* Your task
Take the lines below beginning at the line that has "Cormorant is a" and stopping after the line that has "Woodcut print, hand", and print them exactly as they are, with no other lines.

START Data provided

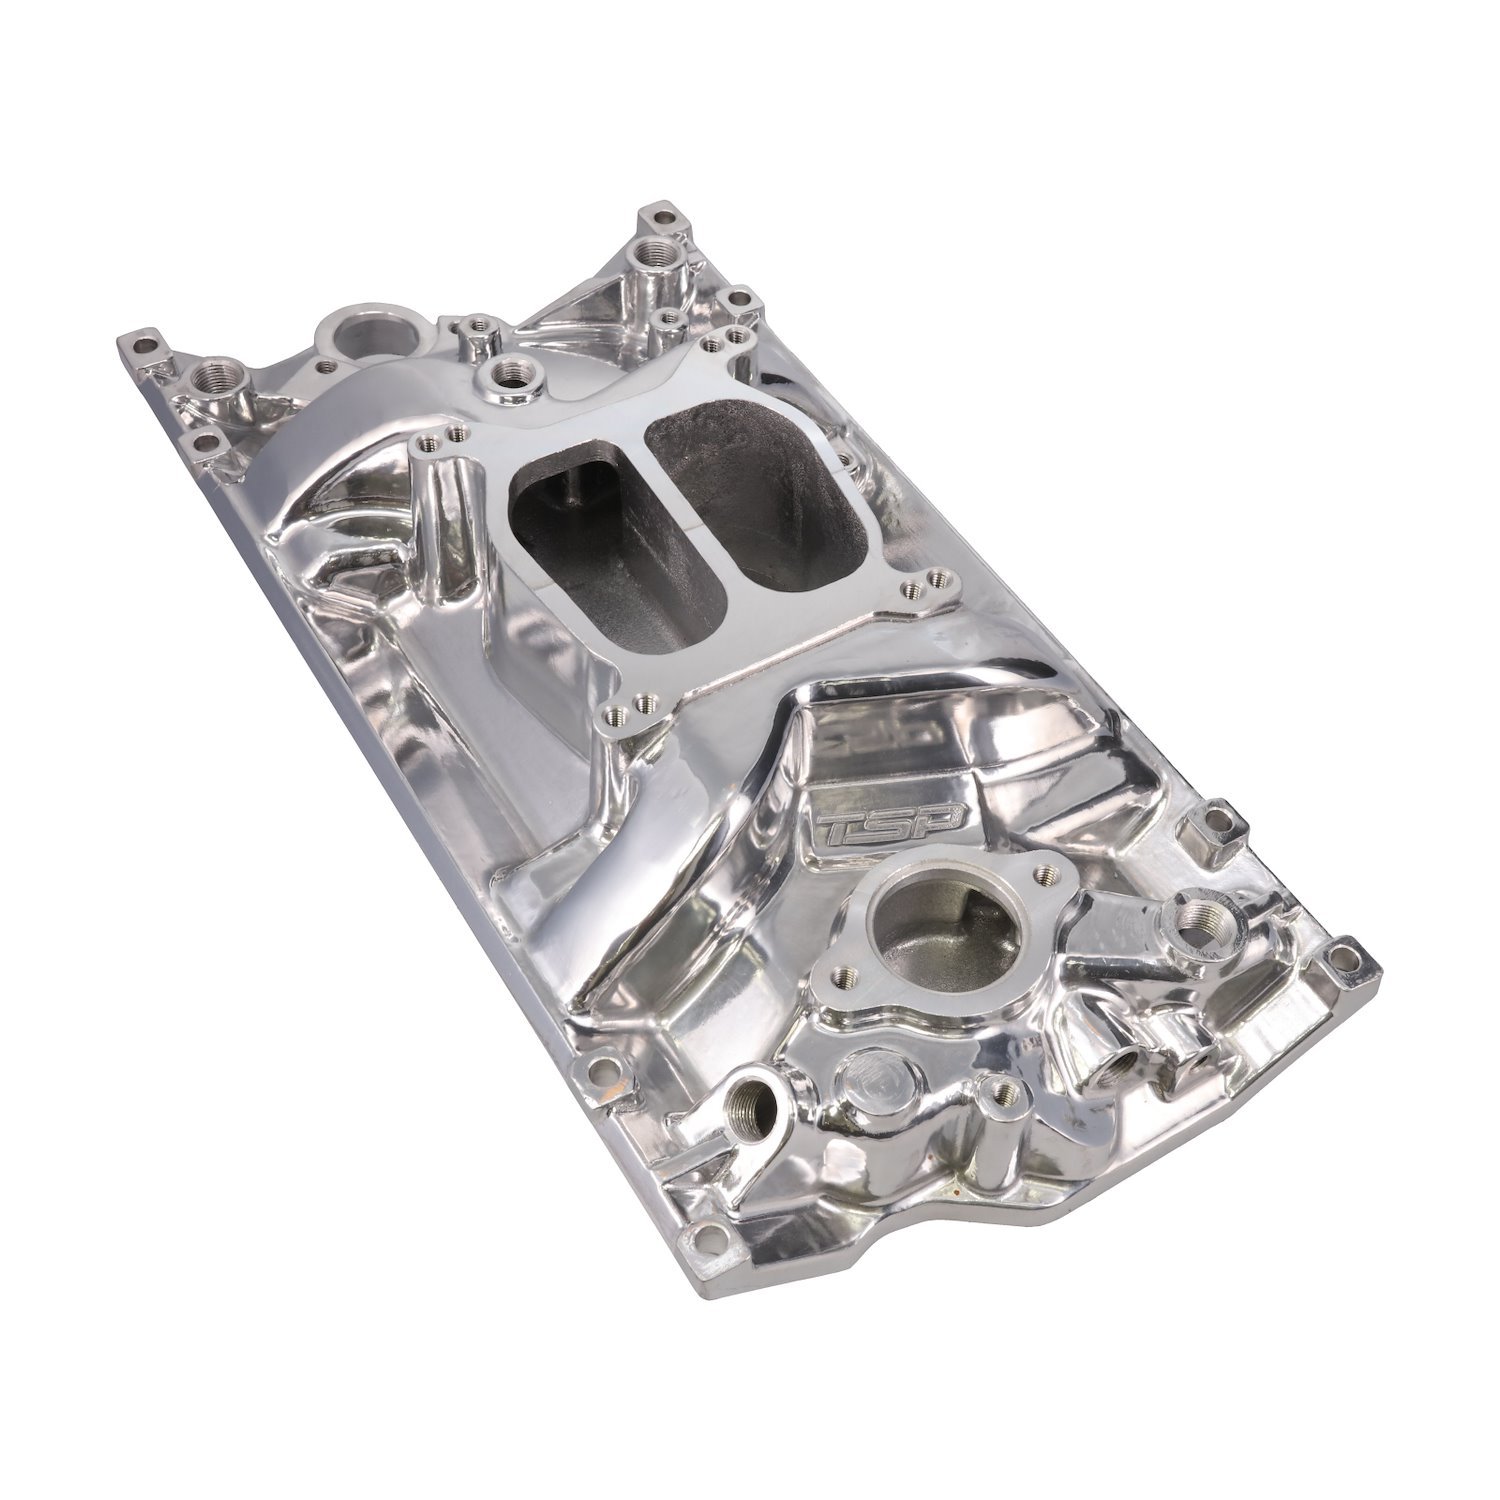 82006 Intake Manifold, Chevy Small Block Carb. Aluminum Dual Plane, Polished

END Data provided
START Data provided

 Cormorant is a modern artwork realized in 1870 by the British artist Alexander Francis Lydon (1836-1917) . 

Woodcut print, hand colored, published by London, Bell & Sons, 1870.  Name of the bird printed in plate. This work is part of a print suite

END Data provided

* Written solution
 Cormorant is a modern artwork realized in 1870 by the British artist Alexander Francis Lydon (1836-1917) . 

Woodcut print, hand colored, published by London, Bell & Sons, 1870.  Name of the bird printed in plate. This work is part of a print suite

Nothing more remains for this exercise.